Establish a Competitive Early Learning Challenge Fund. $350 million to establish a new, competitive Early Learning Challenge Fund, administered by the Department of Education and the Department of Health and Human Services, for States that are ready to take dramatic steps to improve the quality of their early childhood programs. The Early Learning Challenge Fund builds on the Administration’s initiatives to expand Head Start and improve its quality through competition.
Reform Elementary and Secondary School Funding by Setting High Standards, Encouraging Innovation, and Rewarding Success.
• Bringing the Race to the Top (RTT) reform to school districts, with a focus on cost-effective reforms that improve student achievement in an era of tight budgets.
• Continuing the Investing in Innovation program to test, validate, and expand effective approaches to student learning and launching the new “pay for success” bonds that provide funding only after results are achieved.

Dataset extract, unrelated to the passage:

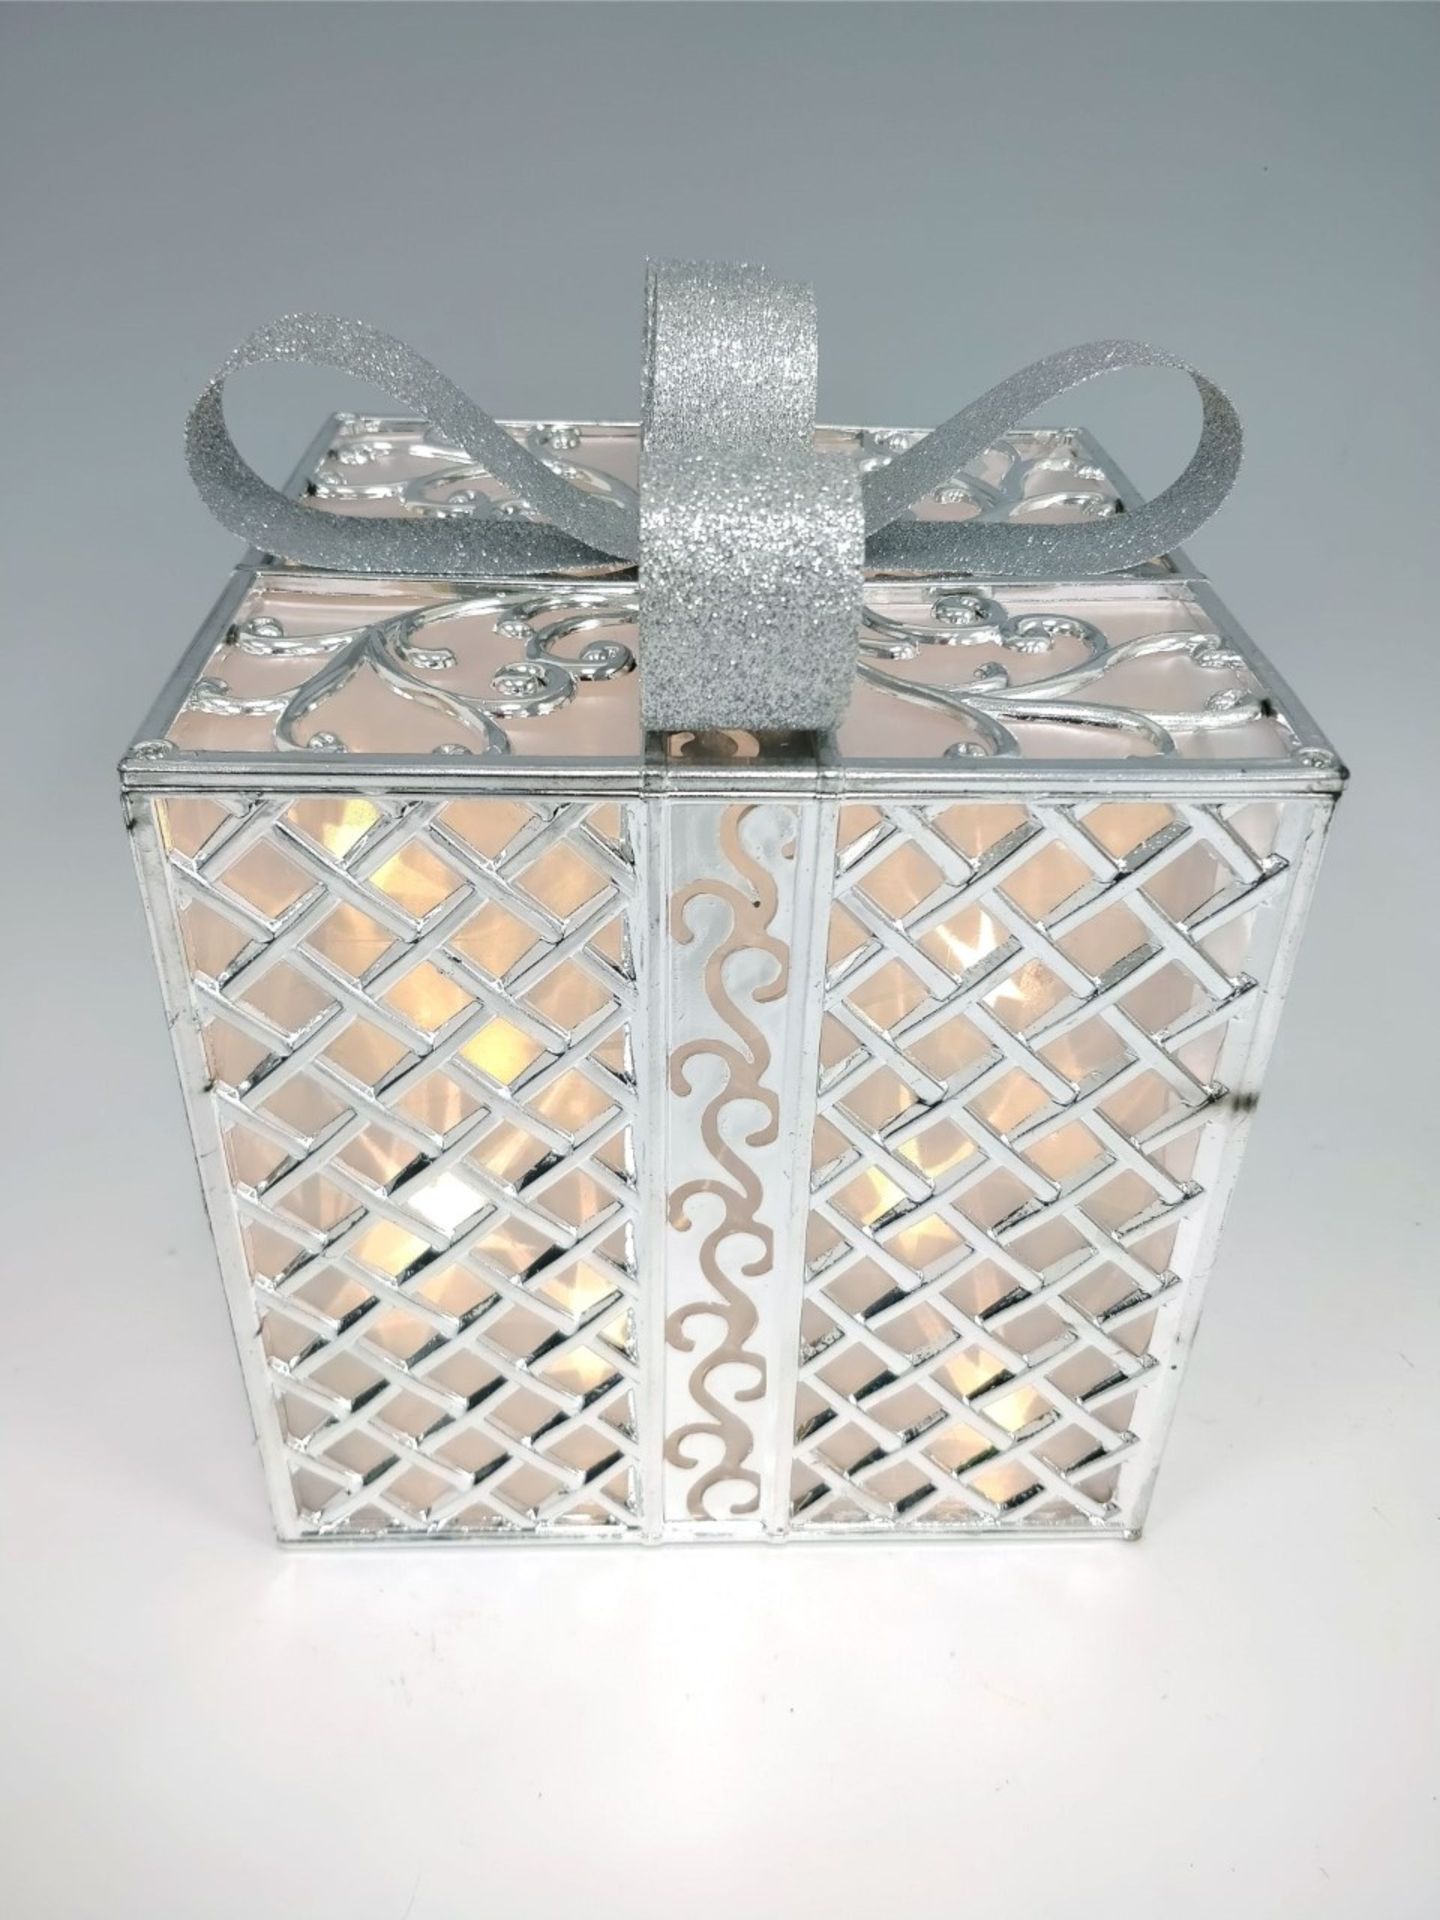 1. x Cartons containing 8pcs Christmas Gift Box design LED light up Christmas decoration - Brand new

• Expanding educational options by helping to grow effective charter schools and other autonomous public schools that achieve positive results and give parents more choices.
• Providing significant funding for School Turnaround Grants to help States and school districts turn around our Nation’s lowest performing schools.
• Eliminating 13 discretionary programs and consolidating 38 K-12 programs into 11 new programs that emphasize using competition to allocate funds.
Prepare 100,000 STEM Teachers Over the Next Decade.
$80 million from the Department of Education to expand promising and effective models of teacher preparation in STEM
$20 million from the National Science Foundation (NSF) to launch a new teacher-training research program called Teacher Learning for the Future
$20 million for an overarching, comprehensive science and technology workforce program at NSF
Open the Doors of College to More Americans.
Introduce into the Fund for Improvement of Postsecondary Education an evidence-based framework, enabling the Fund to become a postsecondary “Investing in Innovation” program that will test, validate, and expand effective approaches to improving college access and completion and educational productivity.
In addition, $50 million in 2012 and a total of $1.3 billion over five years in performance-based funding to institutions that successfully enroll and graduate high-need students and enable them to enter successful employment.
Bring Competition to and Encourage New Approaches for Job Training.
Nearly $10 billion for Workforce Investment Act programs, which match unemployed people with jobs and give individuals with skill gaps the training they need to secure family-sustaining employment. The Administration will work with the Congress on a reauthorization bill that streamlines service delivery and breaks down program silos, better meets the needs of employers and regional economies, holds the system accountable for serving all workers and job-seekers well, learns more easily from experience, and promotes innovation and reform based on what works. Recognizing that the best ideas often come from the bottom up, the Budget establishes a Workforce Innovation Fund that, paired with broader waiver authority, will encourage States, regions, and localities to break down barriers among programs, test new ideas, and replicate proven strategies for delivering better employment and education results in a more cost-effective way.
Establish New Economic Growth Zones. To bolster economic rejuvenation in hard-hit areas of our country, the Administration proposes a new Growth Zone program that will deliver expanded tax incentives for investment and employment and a more streamlined access to Federal assistance to 20 areas facing economic distress, but showing clear growth potential. Replacing the Empowerment Zone program, the Growth Zones will include a mix of rural and urban areas that will be selected through a national competition that will judge their competitive strategies and their need and ability to attract investment and growth.
Unemployment Insurance (UI). The economic downturn has severely tested the adequacy of States’ UI systems, forcing States to levy additional taxes on employers, which undermines much-needed job creation. To provide short-term relief in these States, the 2012 Budget provides a two-year suspension of State interest payments on their debt and automatic increases in Federal unemployment insurance taxes. At the same time, to encourage States to put their UI systems on firmer financial footing so they can better respond to future economic conditions, beginning in 2014 the Budget increases the maximum wages subject to unemployment taxes to $15,000, a level then indexed to average wages.
REDUCTIONS
--Reducing funding for the Senior Community Service Employment Program and moving its function to the Administration on Aging to consolidate senior services and provide them more effectively.
--Cutting funding for the Teacher Quality Block Grant by close to $500 million and the Career and Technical Education (CTE) program by more than $280 million, shifting resources to initiatives more focused on results.
--Eliminating 13 discretionary Department of Education programs and consolidating 38 K-12 programs into 11 new programs that emphasize using competition to allocate funds, giving communities more choices around activities, and using rigorous evidence to fund what works.
--Reducing funding for the Community Development Block Grant by 7.5 percent or $300 million.
--Cutting the Community Services Block Grant program (CSBG) in half and transforming it from a formula-based program to a competitive grant program for Community Action Agencies.